The problem the paper is actually solving

To see why speculative decoding works, you need a precise model of where the time goes during autoregressive decode.

A single forward pass through a 70B transformer processes one token (during decode) and produces probabilities for the next. Loading the model weights from HBM to do this takes roughly:

time = bytes_to_load / HBM_bandwidth
     = 140 GB / 3.35 TB/s (H100 SXM5)
     ≈ 42ms per token

That puts a hard lower bound of ~42ms/token before you even account for compute, KV cache reads, or overhead. For a 200-token response, that's 8.4 seconds minimum — driven almost entirely by weight loading time.

The key observation: loading 140GB of weights whether you process 1 token or 32 tokens simultaneously costs the same. The arithmetic for processing a batch of 32 tokens is 32× more expensive than 1 token, but arithmetic is cheap on an H100. The weight load is the expensive part, and it doesn't scale with batch size within a single forward pass.

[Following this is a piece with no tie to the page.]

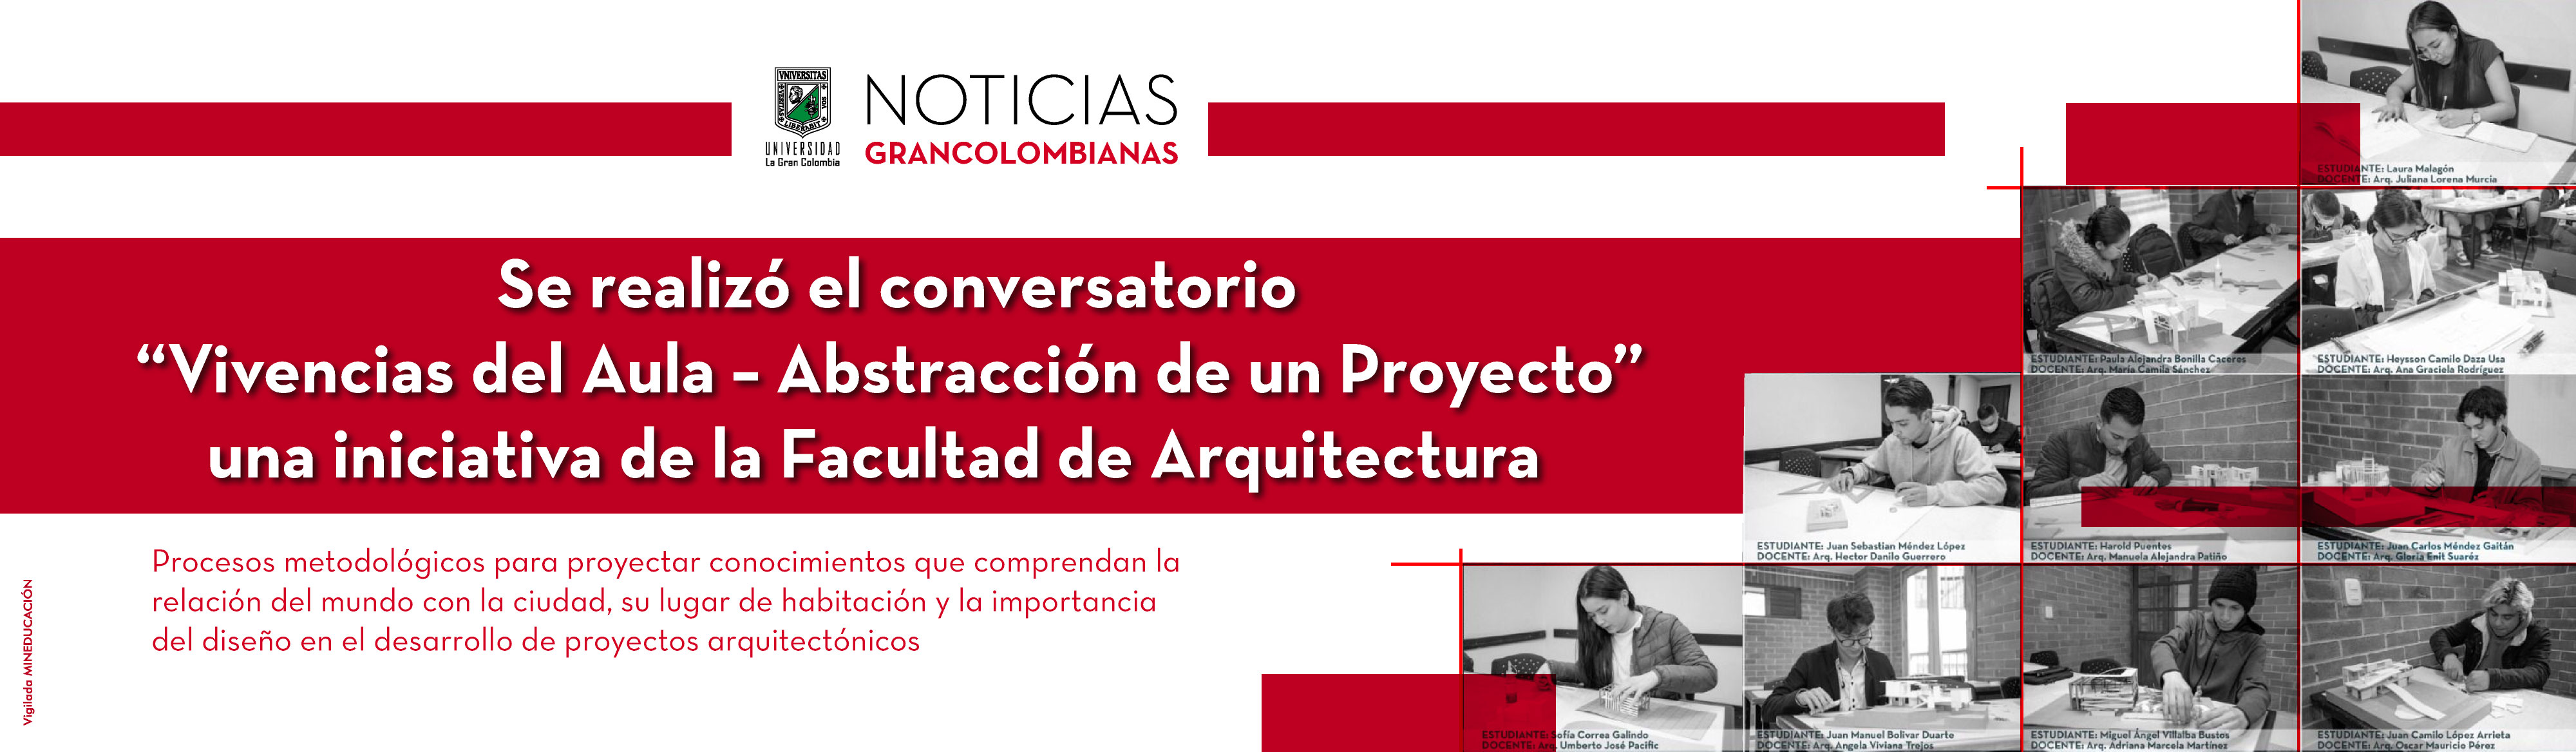 Se realizó el conversatorio “Vivencias del Aula – Abstracción de un Proyecto” una iniciativa de la Facultad de Arquitectura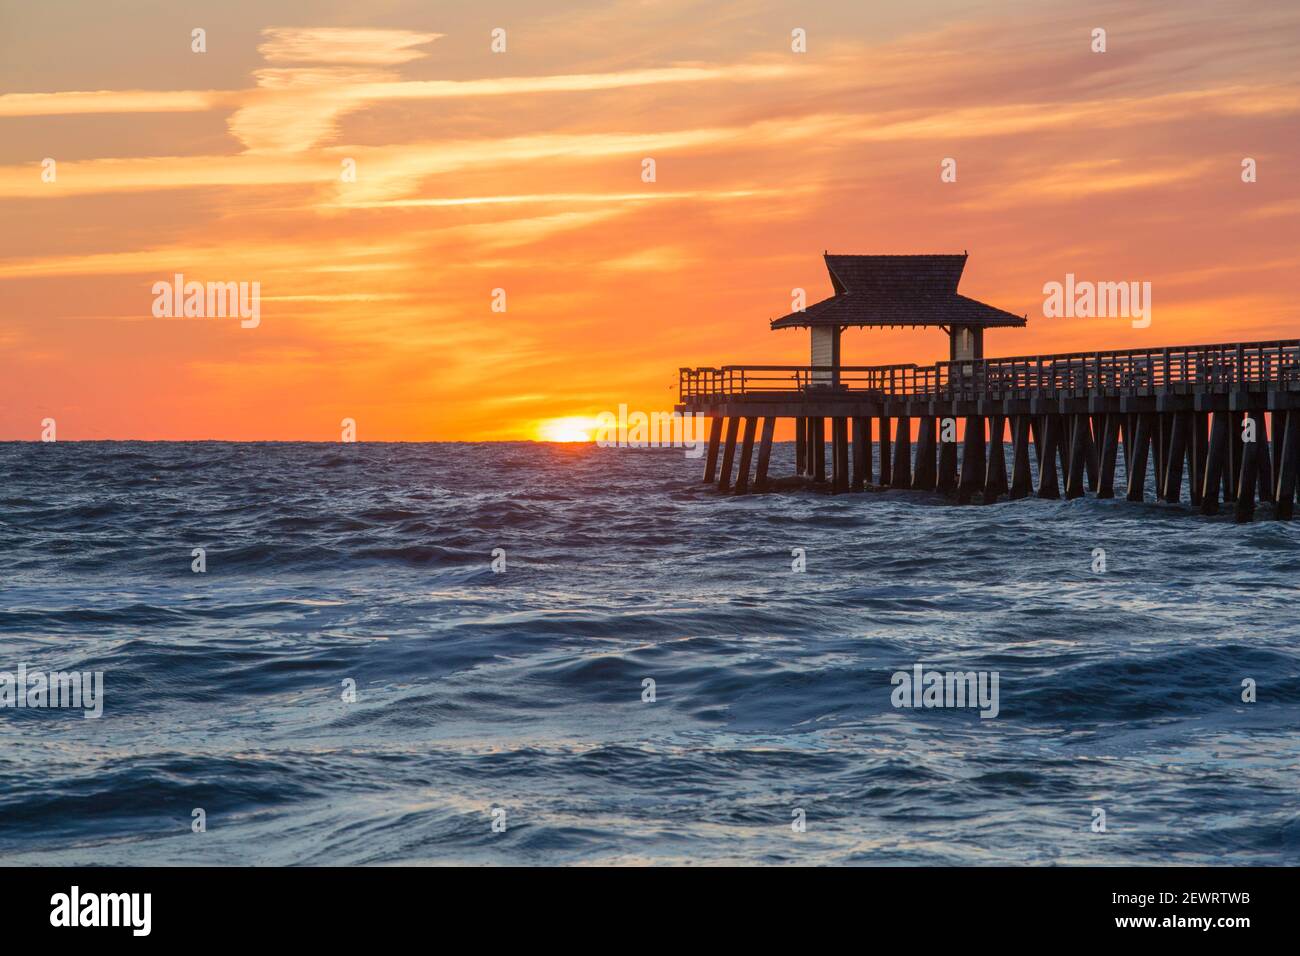 Blick über den Golf von Mexiko vom Strand neben Naples Pier, Sonnenuntergang, goldener Himmel über Horizont, Neapel, Florida, Vereinigte Staaten von Amerika Stockfoto

So: if you could feed the model 32 tokens in one forward pass during decode and it would produce useful output for all 32 positions, you'd get 32 tokens in approximately the time it currently takes to get 1. The problem is that autoregressive generation requires each token to be conditioned on all previous ones — you can't know token 2 until you've generated token 1. The sequence is inherently sequential.

Speculative decoding breaks this dependency by introducing a cheap draft model to speculate on what the next K tokens probably are, and then verifying (or rejecting) those guesses with a single parallel pass of the large target model.

The algorithm

The setup requires two models: a small draft model Mq (fast, lower quality) and the large target model Mp (slow, high quality). The goal is to generate samples that are distributed identically to what Mp would produce on its own.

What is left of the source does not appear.